Demonstrated a consistent track record of listening and
responding thoughtfully to feedback.
Pro-actively adopted many important governance
initiatives, such as majority voting, an enhanced political
contributions policy, a compensation recoupment
policy and our commitments to ethics, community, the
environment and diversity and inclusion.
Shareholder Outreach Program
We have conducted a formal corporate governance
outreach program for many years. We solicit feedback from
our institutional investors regularly, including from asset
managers, public and labor union pension funds and allied
organizations and social responsibility investors. We seek
to hear perspectives on various governance matters, our
executive compensation program, sustainability and other
matters. Consistent with prior practice, during the last year,
we engaged in constructive dialogues with shareholders
representing more than 40% of our shares. This year, two of
our directors participated in the outreach program and heard
directly from some of our shareholders. We share the feedback
we receive with our Nominating and Corporate Governance
Committee and Compensation Committee, as well as with the
entire Board.
Recent Corporate Governance Enhancements
In response to feedback from our shareholders, our Board
made the following corporate governance enhancements over
the last year:
Independent Chair Policy – We adopted a policy to require
that we have an independent Chair of the Board, whenever
possible. The policy is prospective, and begins to apply when
Ronald L. Sargent, our current Chairman and CEO, retires
or no longer serves as Chairman of the Board. The policy
does not apply if the appointment violates any contractual
obligation, if no independent member of the Board is available
or willing to serve as Chair, or if the appointment would
be inconsistent with the Board’s fiduciary obligations. In
accordance with its fiduciary duties, the Board will periodically
make a determination as to the appropriateness of its policies
in connection with the recruitment and succession of the
Chairman and CEO.
Management Supported Proxy Access at 3%/3 years
– We worked closely with our shareholders in developing a
proxy access framework that would be responsive but also
protect the interests of all shareholders. We have committed
to providing a management-supported proxy access bylaw
amendment at the 2016 Annual Meeting of Shareholders. Our
version of proxy access would:
Permit shareholders (not to exceed a group of 25)
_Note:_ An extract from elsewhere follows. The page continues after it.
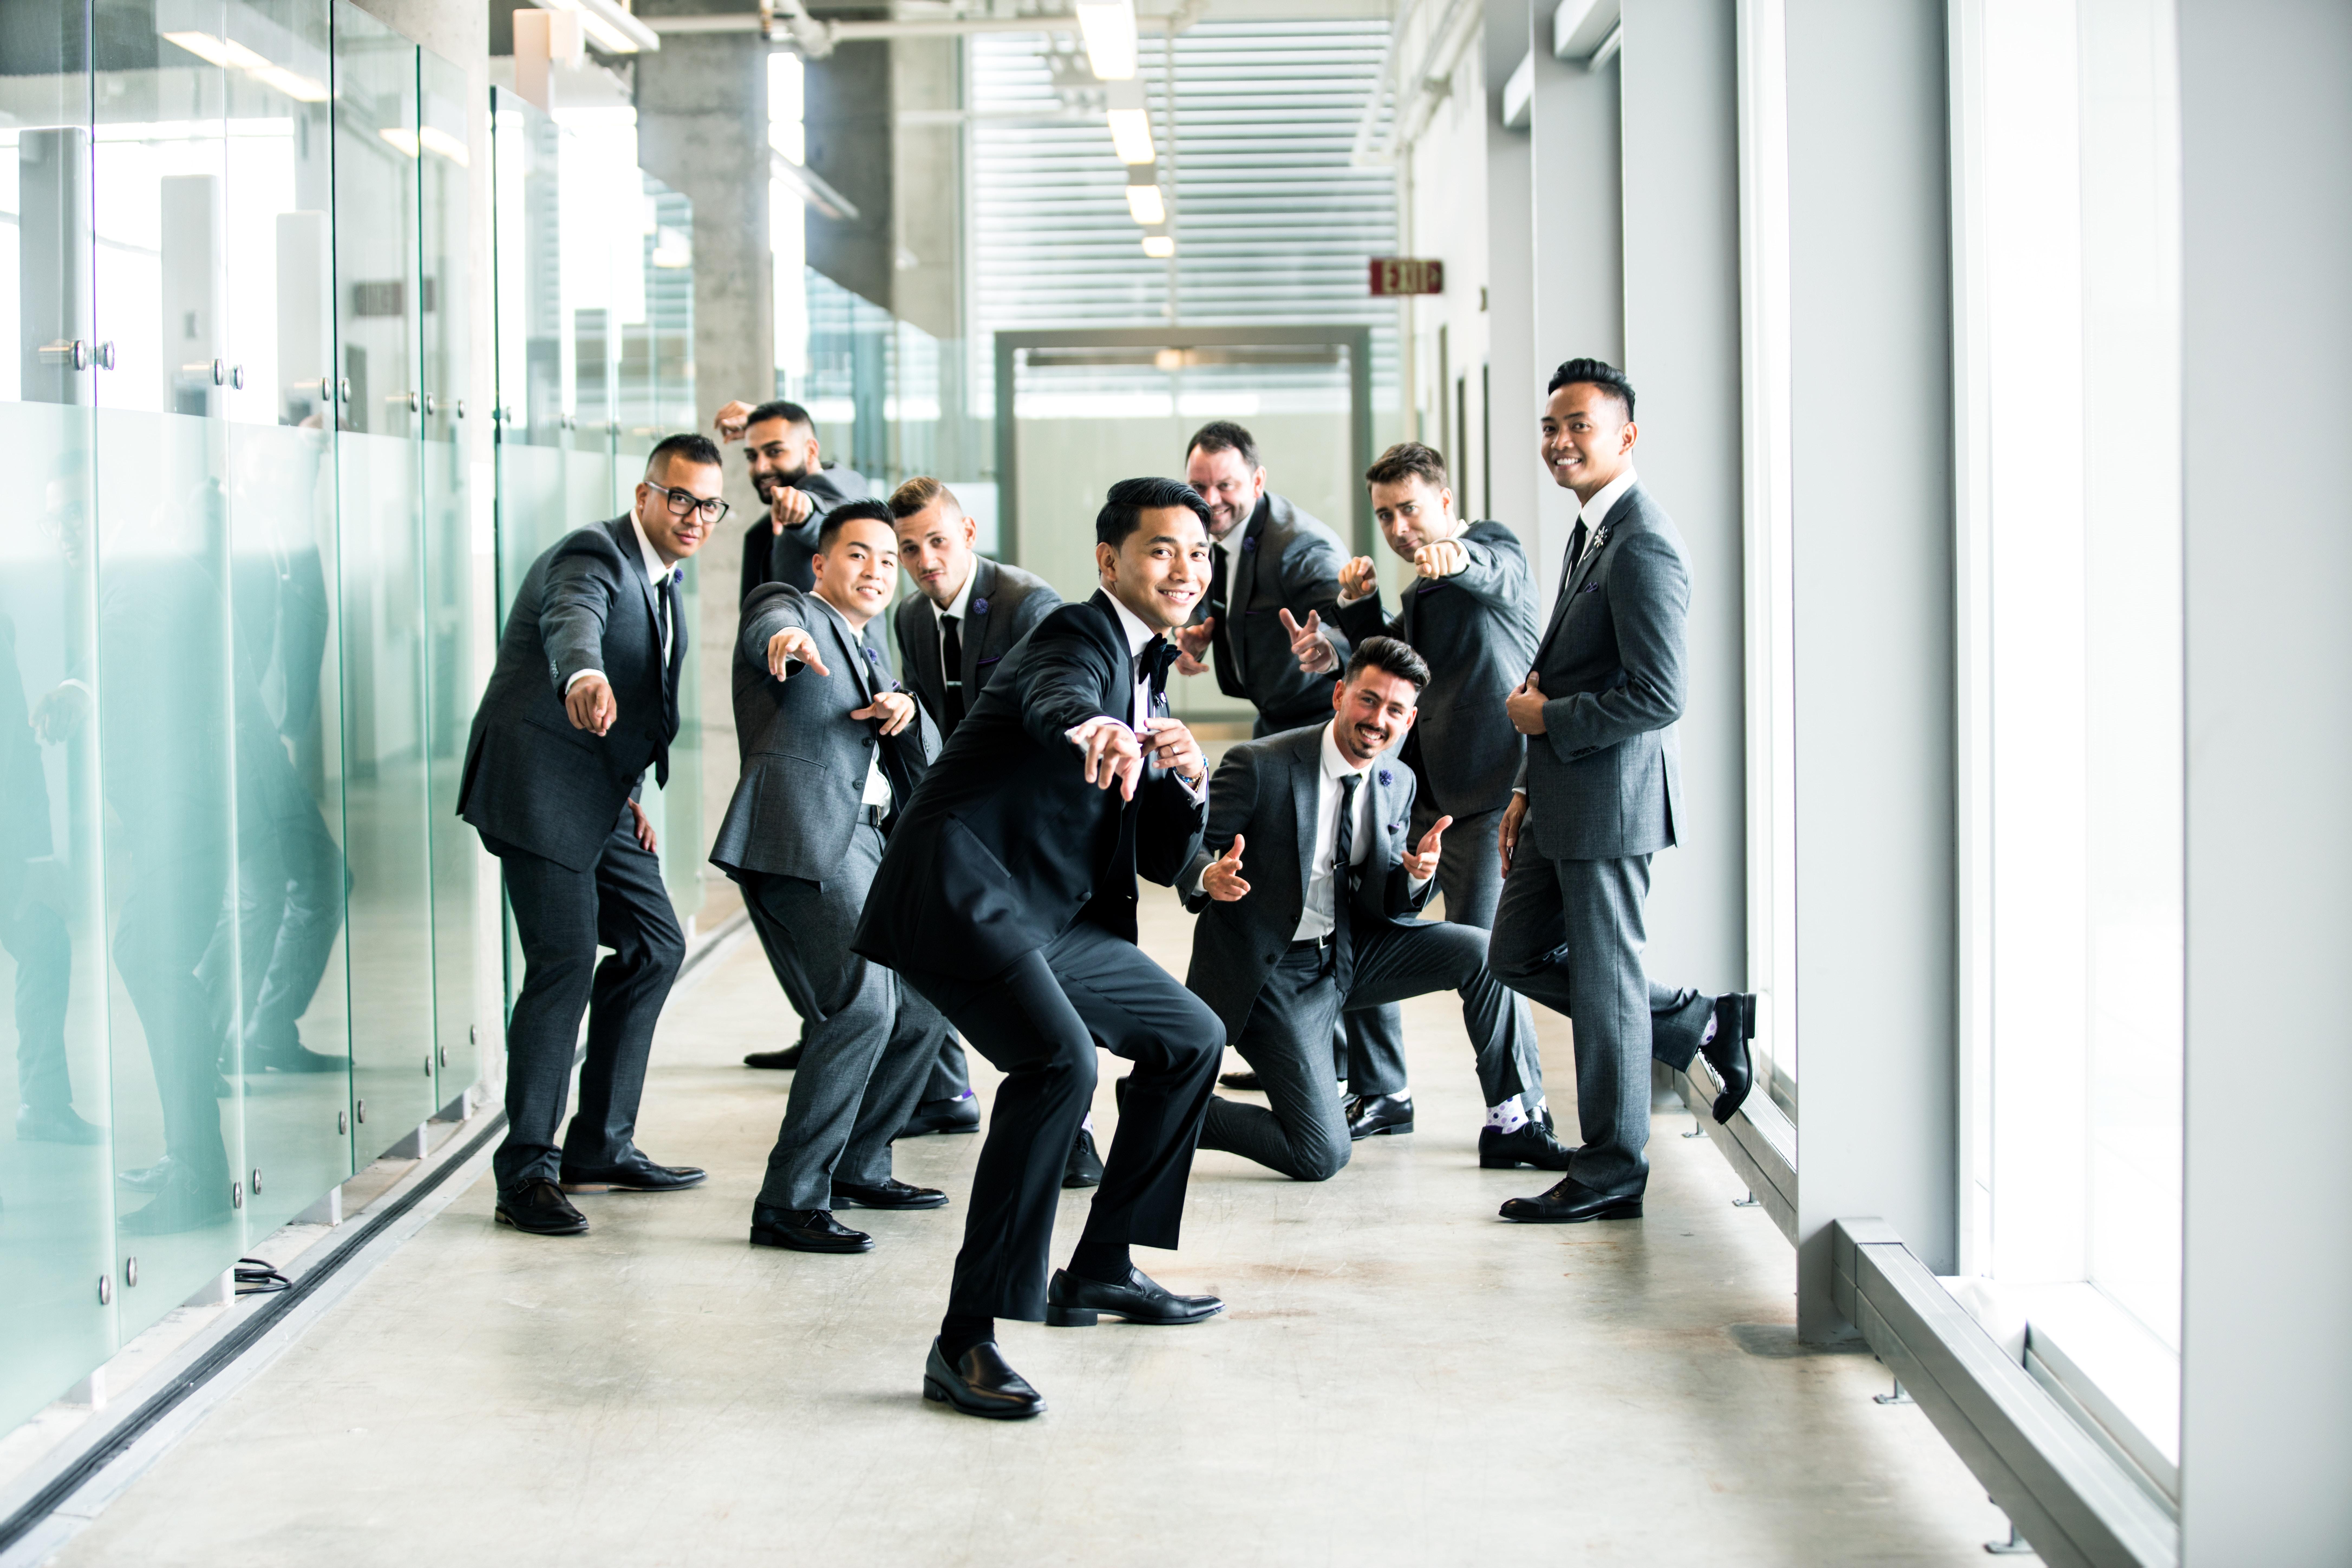 group of man standing in hallway

holding at least three percent of our outstanding shares
continuously for three years to nominate up to 20 percent
of the directors serving if the size of the board is 10 or
more directors or 25 percent of the directors if the size of
the board is 9 or fewer directors;
Include various other provisions consistent with, or
mirroring, the SEC-adopted proxy access rule, including
with regard to disclosure of conflicts of interest or control
intent and the eligibility of loaned shares for purposes of
satisfying the continuous ownership requirement; and
Limit nominations by an individual shareholder or group
(i) whose formerly-nominated candidate has been serving
on the board for less than two consecutive terms or
(ii) whose candidate failed to garner a minimum of 15% of
the votes within the previous two years.
Executive Compensation – We replaced the total company
sales metric with gross margin dollars for our 2015 annual
cash incentive awards to place greater emphasis on driving
profitability. In addition, our CEO elected to eliminate a tax-
gross up provision in his existing severance agreement
and elected not to accept his 2.5 percent base salary
raise for 2014, which the Board had previously approved.
Going forward we intend to rely solely on three-year, 100%
performance-based awards for our long-term incentives, a
change set previously by the Compensation Committee of
our Board. These performance shares include a 3-year TSR
modifier on long-term performance, linking pay outcomes
more closely to share price performance. For more information
about shareholder outreach with respect to compensation
matters and our response to the 2014 say-on-pay vote, see
the “CD&A” section of this proxy statement.